The federal government is making COVID-19 vaccines available in ways that address many of these potential barriers. They currently are available for free to all individuals regardless of insurance status. The federal government is launching new efforts to make vaccines available through more locations, including community health centers, which are a key source of care for the Hispanic population and a place where many Hispanic adults currently receive their flu vaccine. Moreover, the Department of Homeland Security has clarified that vaccines are available to all individuals regardless of immigration status and that enforcement activities will not be conducted at or near vaccine distribution sites or clinics. Further, U.S. Citizen and Immigration Services has specified that it will not consider testing, treatment, or preventive care, including vaccines, related to COVID-19 as part of a public charge inadmissibility determination.
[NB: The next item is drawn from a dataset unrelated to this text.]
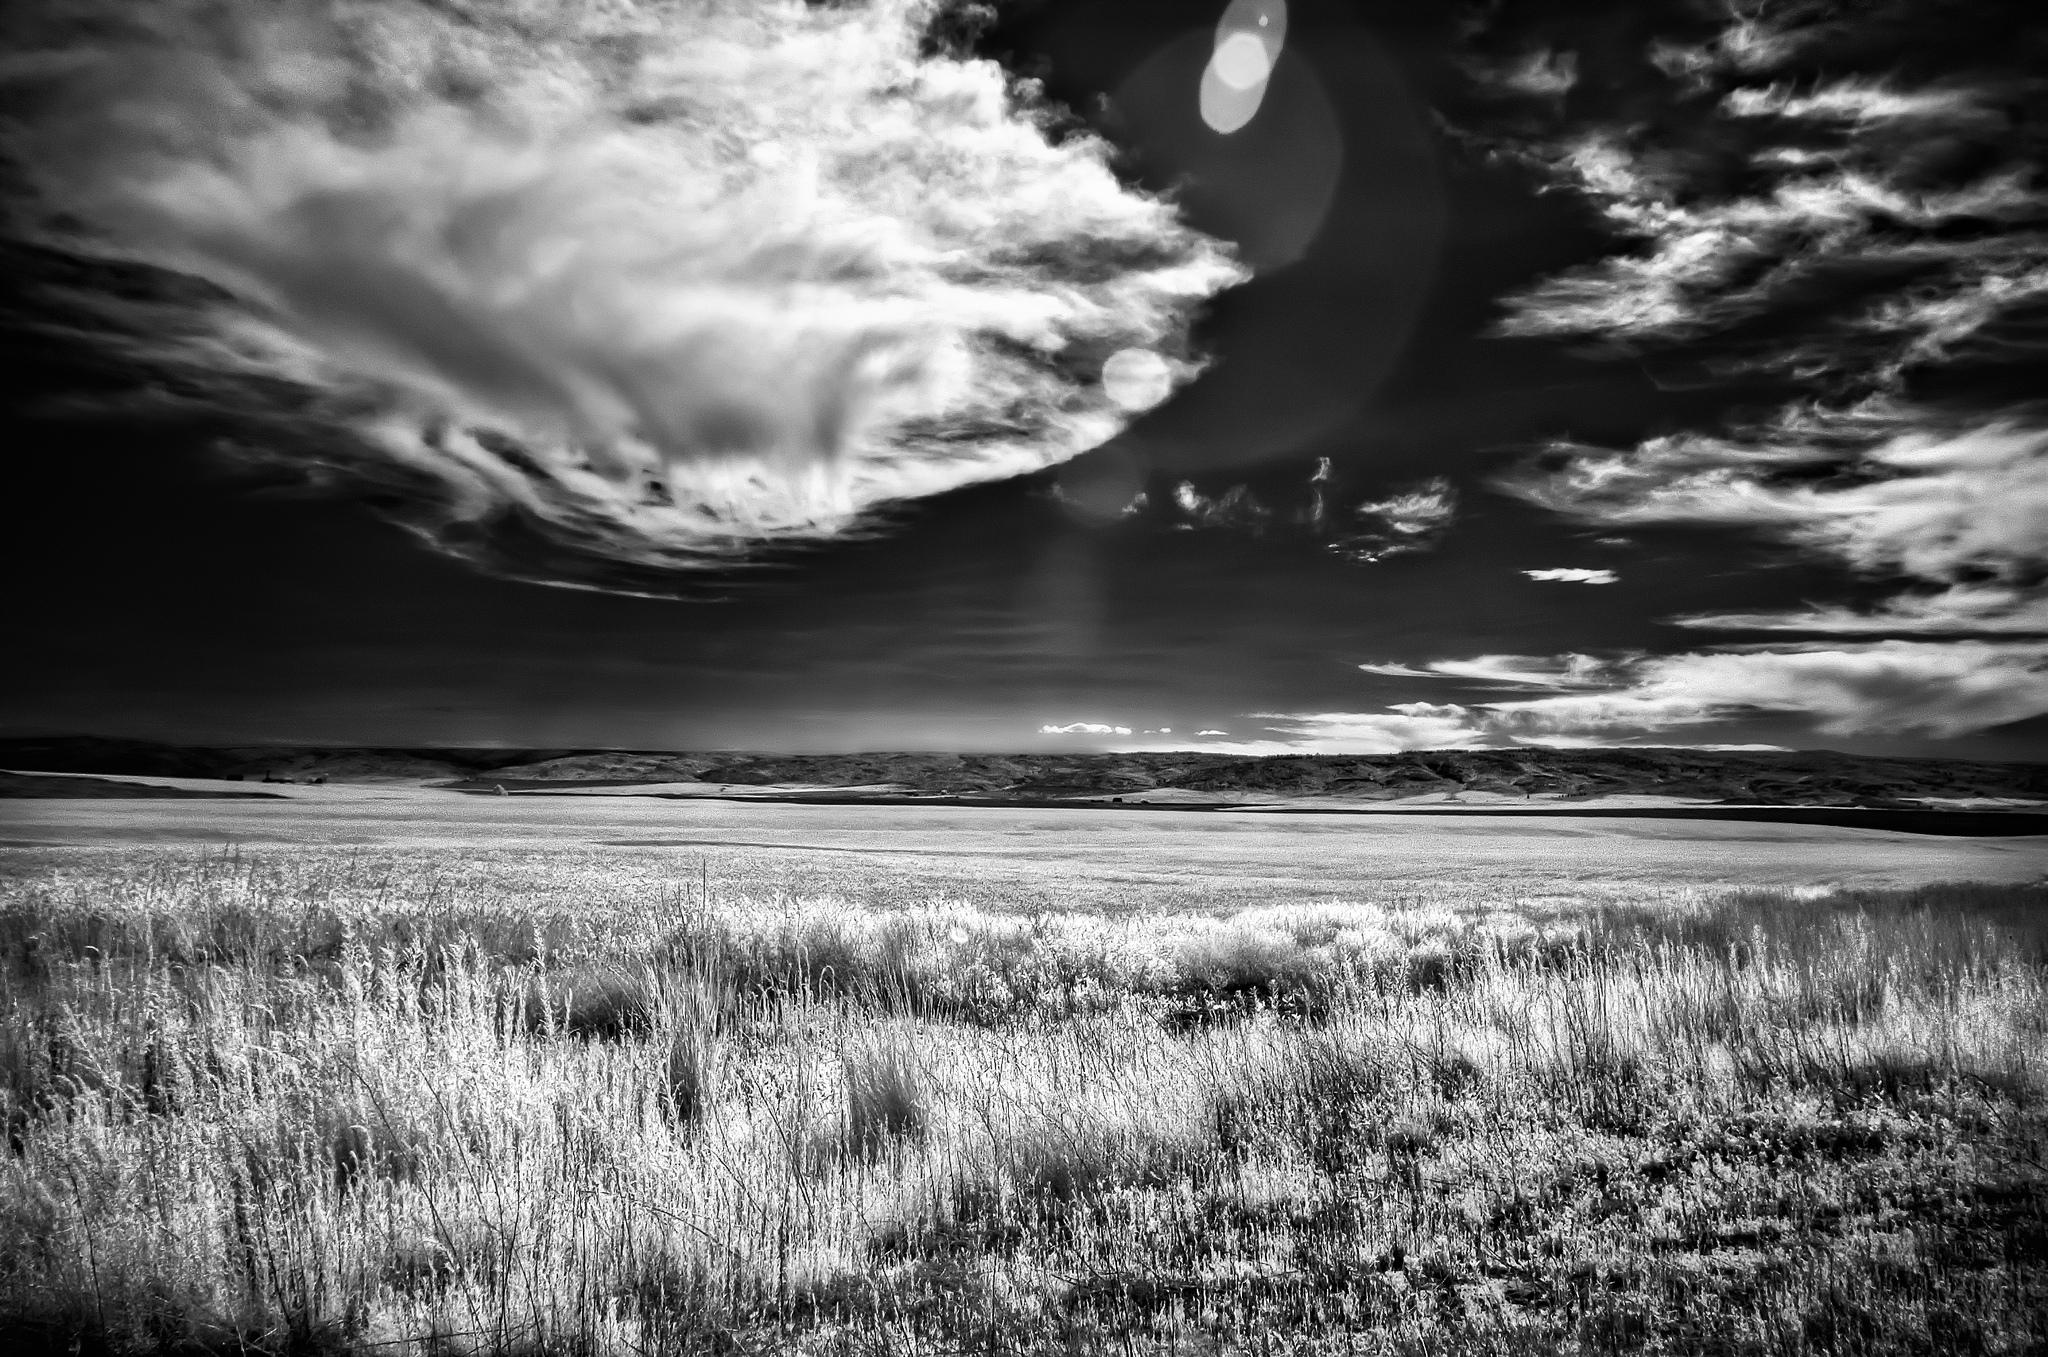 Wallpaper Sunlight Landscape Mountains Dark Nature Reflection Grass Sky Outdoors Field Calm Hills Cold Filter Horizon Windy Tornado Highway Infrared Glare Tripod Light Blackandwhite Country Dramatic Cloud Tree Nikkor 50mm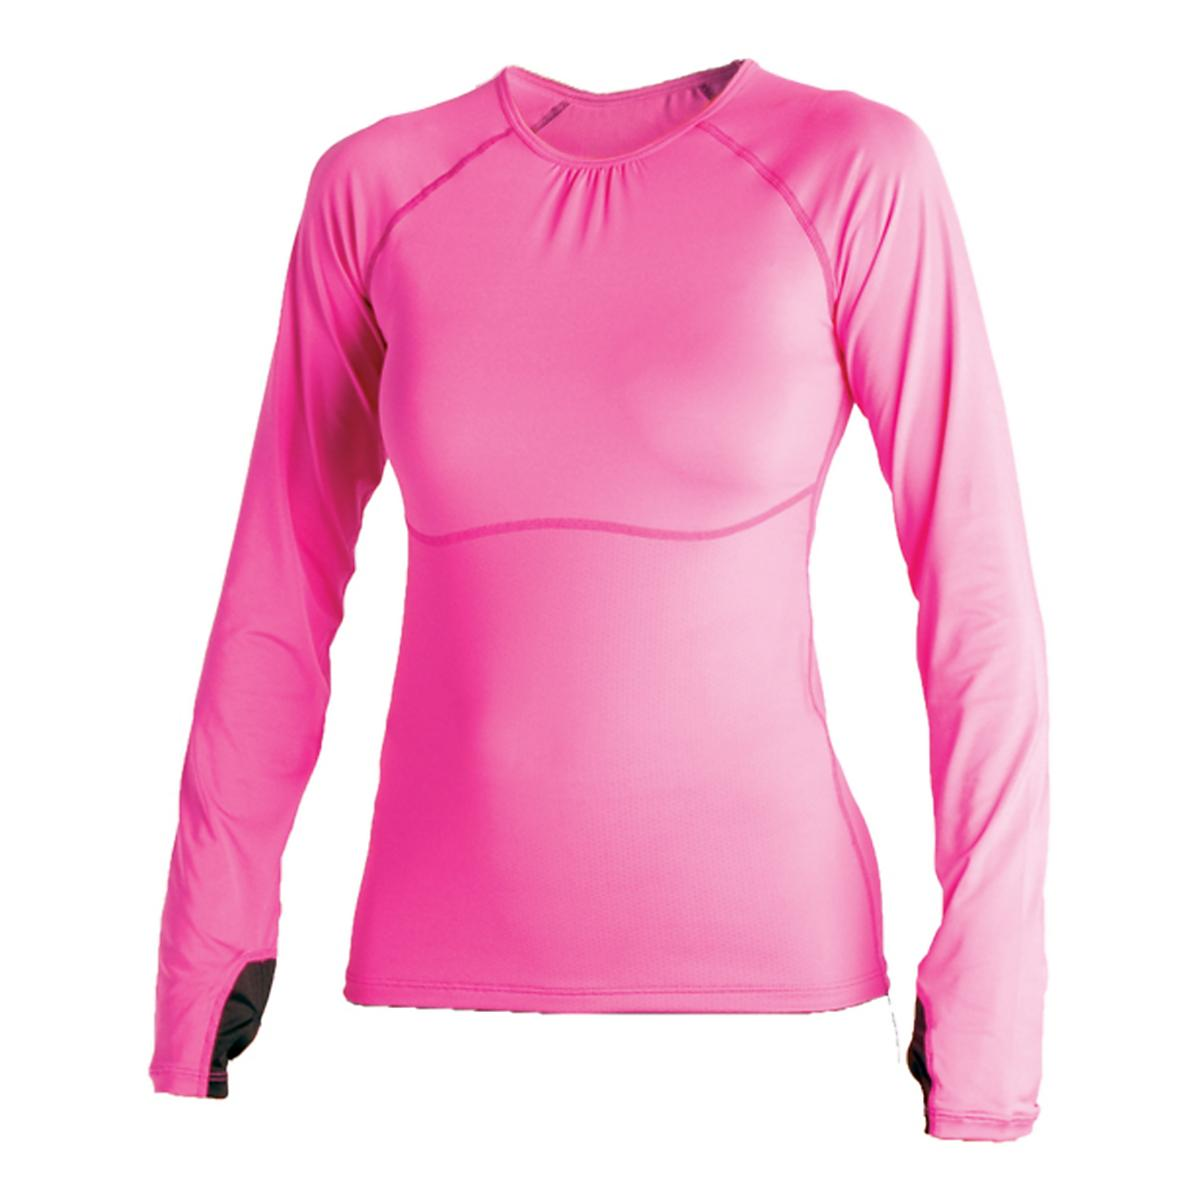 Women's Skirt Sports�Runners Dream Long Sleeve

However, for these broad policies to be effective, it will be important for the information to be clearly communicated to people in the community through trusted messengers and in-language, when needed. Proactively communicating that the vaccination is available for free even for people without insurance, providing details on when and how to access the vaccine, and clarifying that receiving the vaccine will not negatively impact immigration status will likely be particularly important. Notably, about six in ten Hispanic adults say they do not have enough information about where to get the vaccine, compared to about half of White adults who say the same. Moreover, survey data show Hispanic adults are much more likely than White adults to report an increased likelihood of getting vaccinated after hearing that there is no cost to get vaccinated (54% vs. 32%) or that a friend or family member (53% vs. 26%) or a health care provider they trust (51% vs. 34%) got the vaccine. Like other groups, the majority (81%) of Hispanic adults point to health care providers as a trusted resource for information to help them decide whether to get the vaccine. The Centers for Disease Control and Prevention, state or local health departments, and family or friends are also top trusted resources for Hispanic adults.
Beyond providing information through trusted resources, it will be important to ensure that, at the provider level, vaccine sign-up processes do not leave some people facing barriers. For example, although insurance is not required to obtain the vaccine, many providers are requesting insurance information to cover costs of administering the vaccine, and anecdotal reports suggest some providers have insurance information as a required field to book a vaccine appointment. Providers may also be requesting personal identification or proof of state residency to obtain the vaccine, particularly while vaccines are limited to certain priority groups. Ensuring that vaccine providers offer clear options for people to make a vaccine appointment if they do not have insurance and providing alternative options for people to provide documentation if they do not have a government-issued identification card will also be important for facilitating access.
Addressing these potential barriers to vaccination can be done. However, doing so will require intentional and deliberate action. Working closely with community leaders to better understand access barriers, develop strategies to address them, and provide outreach and education through trusted messengers is one place to start.